Glaister’s book does this too. The hanging body and half-chopped carrot belong to her, as do the ‘spindly ends’ of meagre tab-ends crushed in an ashtray and smoked in a dreary house, on a dreary night. The Soul Life Centre – the house of the cult described in the book – isn’t mysterious so much as it is mundane, with piles of shared black socks and lilac pyjamas; constant tea that smells and tastes a bit funny and yet, without wanting to spoil the ending, there’s a lot here that is also too-strange-to-be-believed, unexpected and impossible-feeling.

Right now I’m reading P.D James, A Taste of Death. I really want to write a detective novel. I thought number three might be it, but I don’t think it will be. It will have elements of the form, but why always interests me more than how. The thing I notice about P.D James’ writing is how much information, how much detail we get – not all of it relevant or significant. I like James Wood on significant and insignificant detail, about using facts and information and noticings to build up ‘realism’. There’s a profusion of it in A Taste of Death – so much that it makes me forget the plot sometimes.  It works though – mainly, I think, because the narration is focalised through a series of detectives and police officers who of course would notice and give domestic detail significance it wouldn’t have had otherwise. Or the fact of the murder intensifies the noticing – casts a bright light onto things, makes the brand-name of the mushroom flan important.

…people’s living space, and the personal possessions with which they surrounded themselves, were inevitably fascinating to a detective, an affirmation of identity, intriguing both in themselves and as a betrayal of character, interests, obsessions.

I think you could replace detective with ‘writer’ here and you’d sum up a lot of writers that I know and admire. The stuff people carry around with them, forget they own, choose to hide or display or forget in their houses. When I’m trying to picture a character I often start with the objects they own – the things he’d hide away if his mother were staying over, the objects he’d put out on display if a new friend came for tea. Writers are like detectives. I will think more about this.
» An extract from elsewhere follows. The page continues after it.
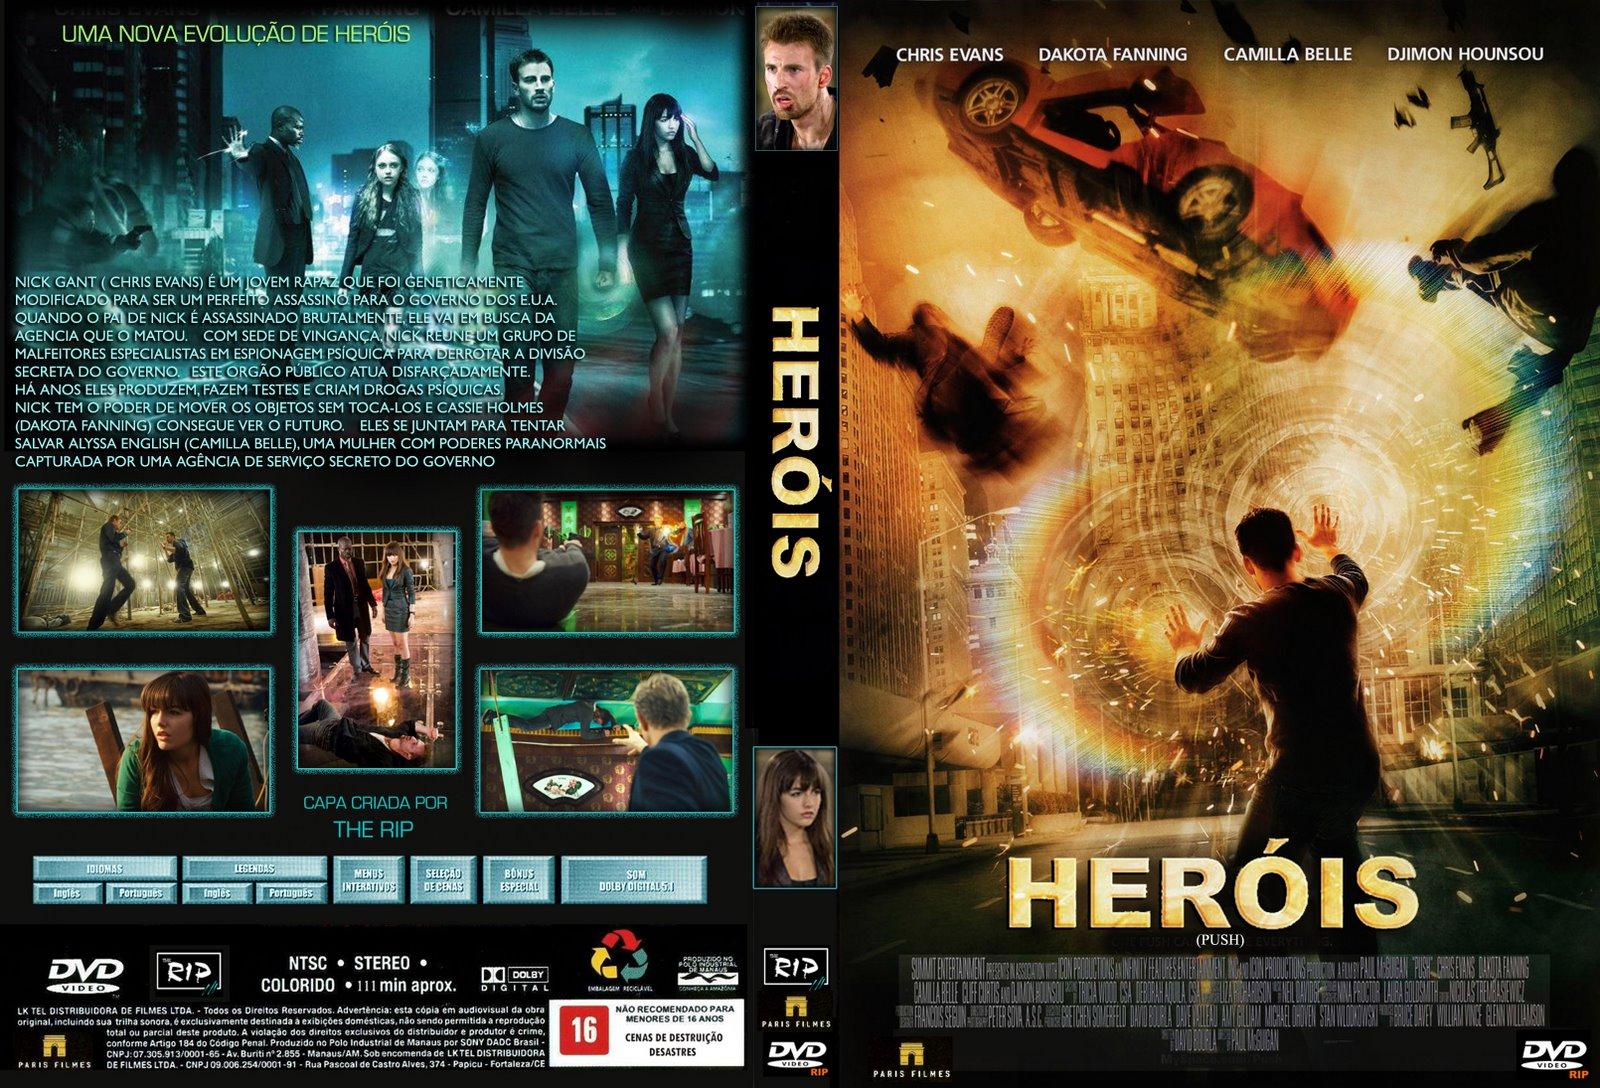 http://2.bp.blogspot.com/_6q6Cp3J4Jis/S_F8Ge-NrZI/AAAAAAAAAl8/tIS0ZSPzw8w/s1600/herois.JPG

I’m looking forward to doing more reading over the next couple of weeks. I’ve decided to stay in from now on. From now until I’m thin again, which won’t be very long at all. Partly because I get tired and it hurts me to walk about, and partly because if I’m on the receiving end of one more piece of unsolicited parenting advice, if one more person says, ‘ooh, you not had that baby yet’ (yes, I did, but I didn’t like the look of it so decided to stuff it back in there…) or asks me how long there is to go (one day less than the last time you asked me) or quizzes me about things that I blush talking to my doctor about (you wouldn’t believe the sort of things people think it’s okay to ask you) I swear down on both my red bookcases I will not be responsible for my actions. Best for everyone I keep inside the house, I think. That’s probably the reason they call it your ‘confinement’.